A column in a simplex table with this number on this iteration is called a master column.
Further, if at least one element of the master column aij0 is strictly positive, then the master row is found (otherwise the problem does not have an optimal solution).
To find the master row, all free members (resources) are divided into the corresponding elements of the master column (the rate of resource consumption per unit of product). From the results obtained, the least is selected. The corresponding line in this iteration is called the general line. It corresponds to a resource that limits production on a given iteration.
The simplex table element at the intersection of the master column and row is called the master element.
Then, all the elements of the master line (including the free term) are divided into the master element. As a result of this operation, the general element becomes equal to one. Next, it is necessary that all other elements of the master column become zero, i.e. the master column must become a unit column. All lines (except the general row) are converted as follows: The resulting elements of the new row are multiplied by the corresponding element of the master column and the resulting product is subtracted from the elements of the old row.
The values of the new base variables are obtained in the corresponding cells of the column of free members.
Fifth stage. The resulting basic solution is checked for optimality (see the third stage). If it is optimal, then the calculations stop. Otherwise, it is necessary to find a new basic solution (the fourth stage), etc.
An example of solving optimization problems of linear programming by the simplex method
Let it be necessary to find the optimal plan for the production of two types of products (x1 and x2).
Source data:
Type of production | Resource consumption rate per unit of profit | Profit per unit of product | |
And | In | ||
1 | 5 | 8 | 7 |
2 | 20 | 4 | 3 |
Resource size | 20 | 36 |
Let’s build an optimization model
– resource limit A;
– Resource limit B.
Let’s bring the problem to the above canonical form. To do this, it is enough to enter additional variables X3 and X4. As a result, inequalities are transformed into strict equality.
Let’s build the original simplex table and find the initial basic solution. They will have additional variables, because they correspond to a single submatrix.
x3=20 and x4=36
Basic Variables | Free members (plan) | x1 | x2 | x3 | x4 |
x3 | 20 | 5 | 2 | 1 | 0 |
x4 | 36 | 8 | 4 | 0 | 1 |
Fj – Cj | 7 | 3 | 0 | 0 |
1st iteration. Find the general column and the general line:
max (7,3) = 7
The general element is 5.
Basic Variables | Free members (plan) | x1 | x2 | x3 | x4 |
x1 | 4 | 1 | 0.4 | 0.2 | 0 |
x4 | 4 | 0 | 0.8 | -1.6 | 1 |
Fj – Cj | 28 | 0 | 0.2 | -1.4 | 0 |
2nd iteration.
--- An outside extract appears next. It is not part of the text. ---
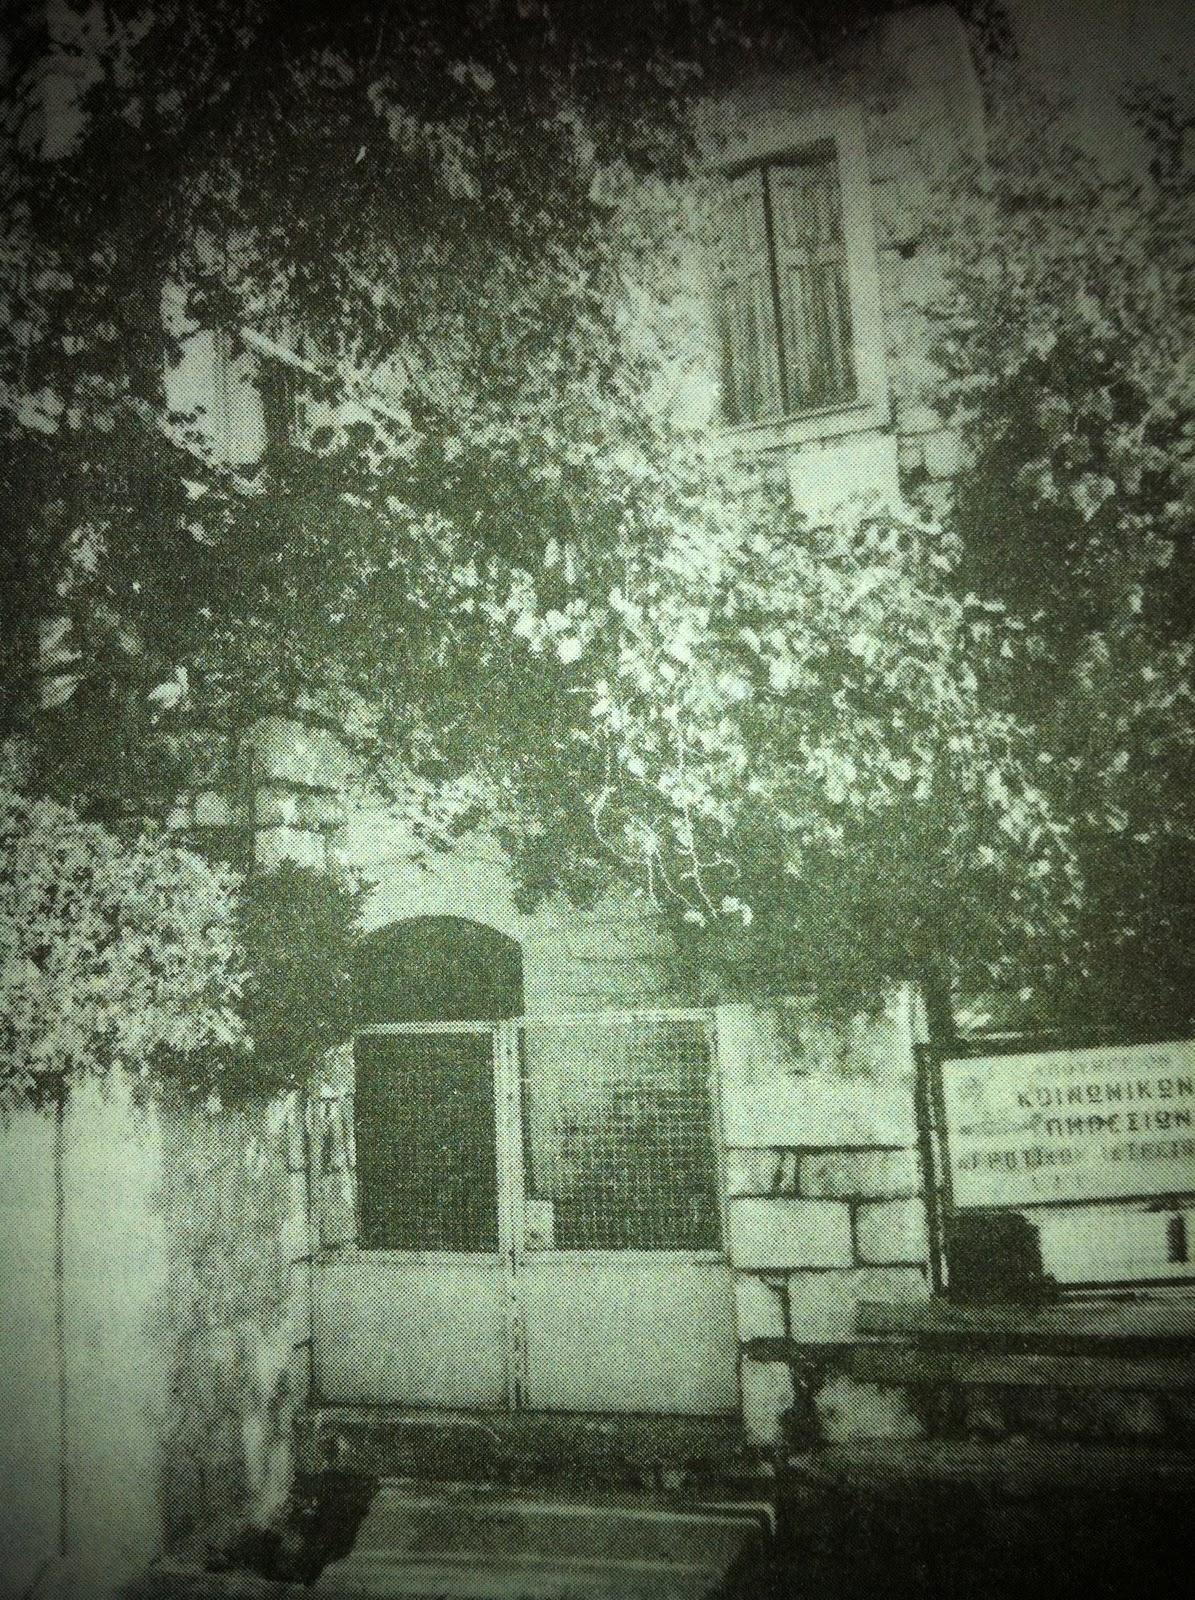 Το σπίτι της Αγγελικής Λαζαρή, το οποίο δώρισε στον Ελληνικό Ερυθρό Σταυρό
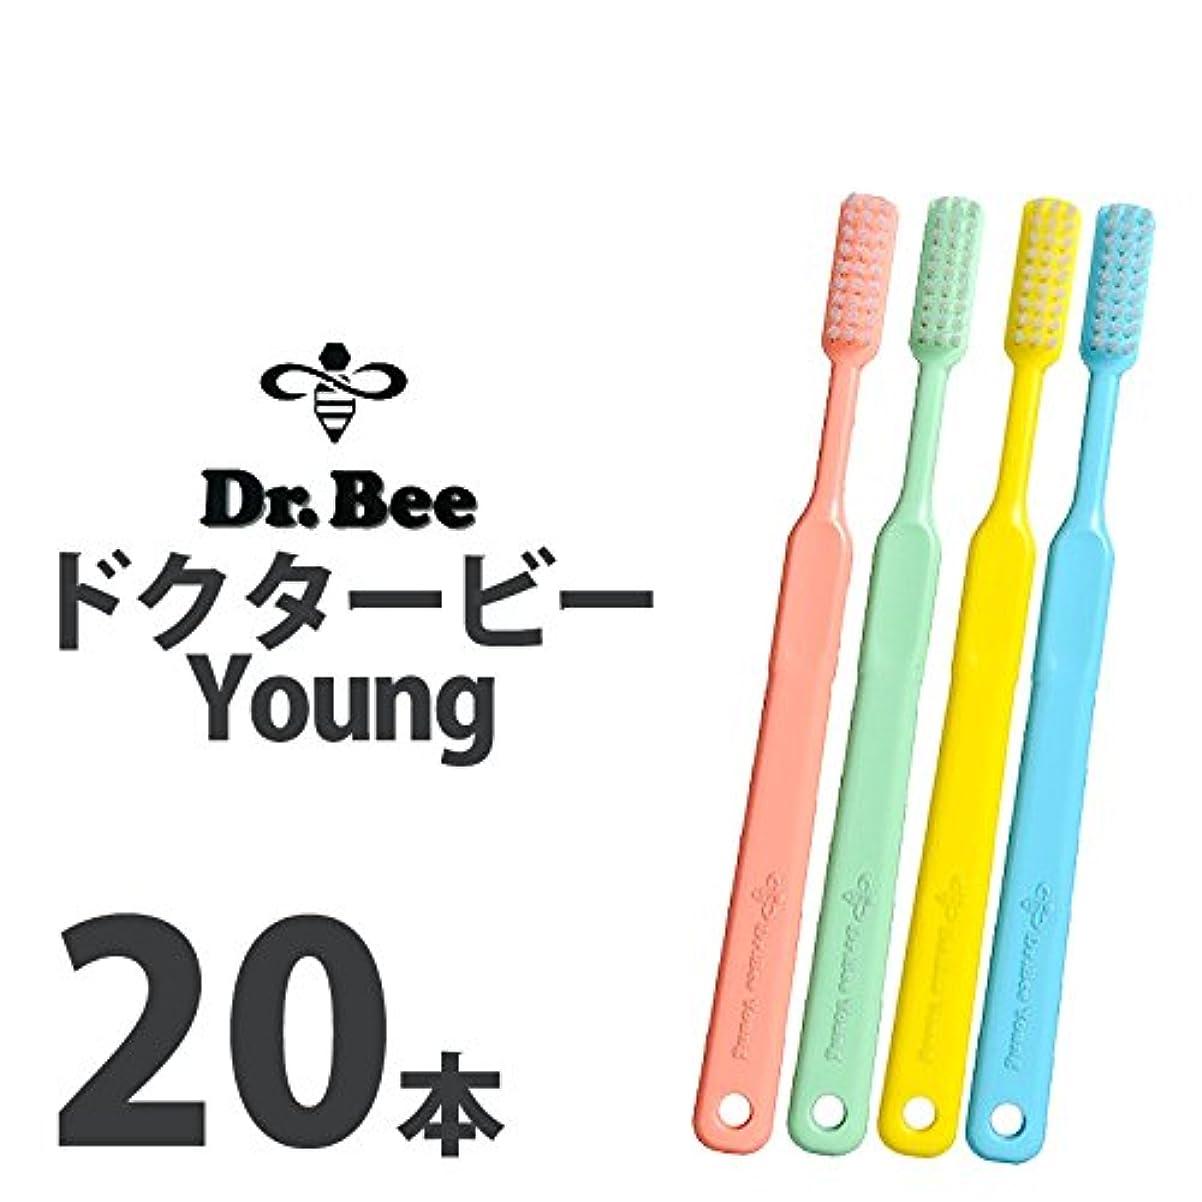 医療の番号作曲するビーブランド ドクタービー Dr.Bee ヤング 4色アソート ソフト やわらかめ 20本

The found basic solution is not optimal, because the series of estimates (Fj-Cj) contains one positive element. Find the general column and the general line:
max (0,0.3,-1.4,0) = 0.2
Basic Variables | Free members (plan) | x1 | x2 | x3 | x4 |
x1 | 2 | 1 | 0 | 1 | -0.5 |
x2 | 5 | 0 | 1 | -2 | 1.25 |
Fj – Cj | 29 | 0 | 0 | -1 | -0.25 |
The solution found is optimal, since all special estimates of the objective function Fj – Cj are zero or negative. F(x)=29 x1=2; x2=5.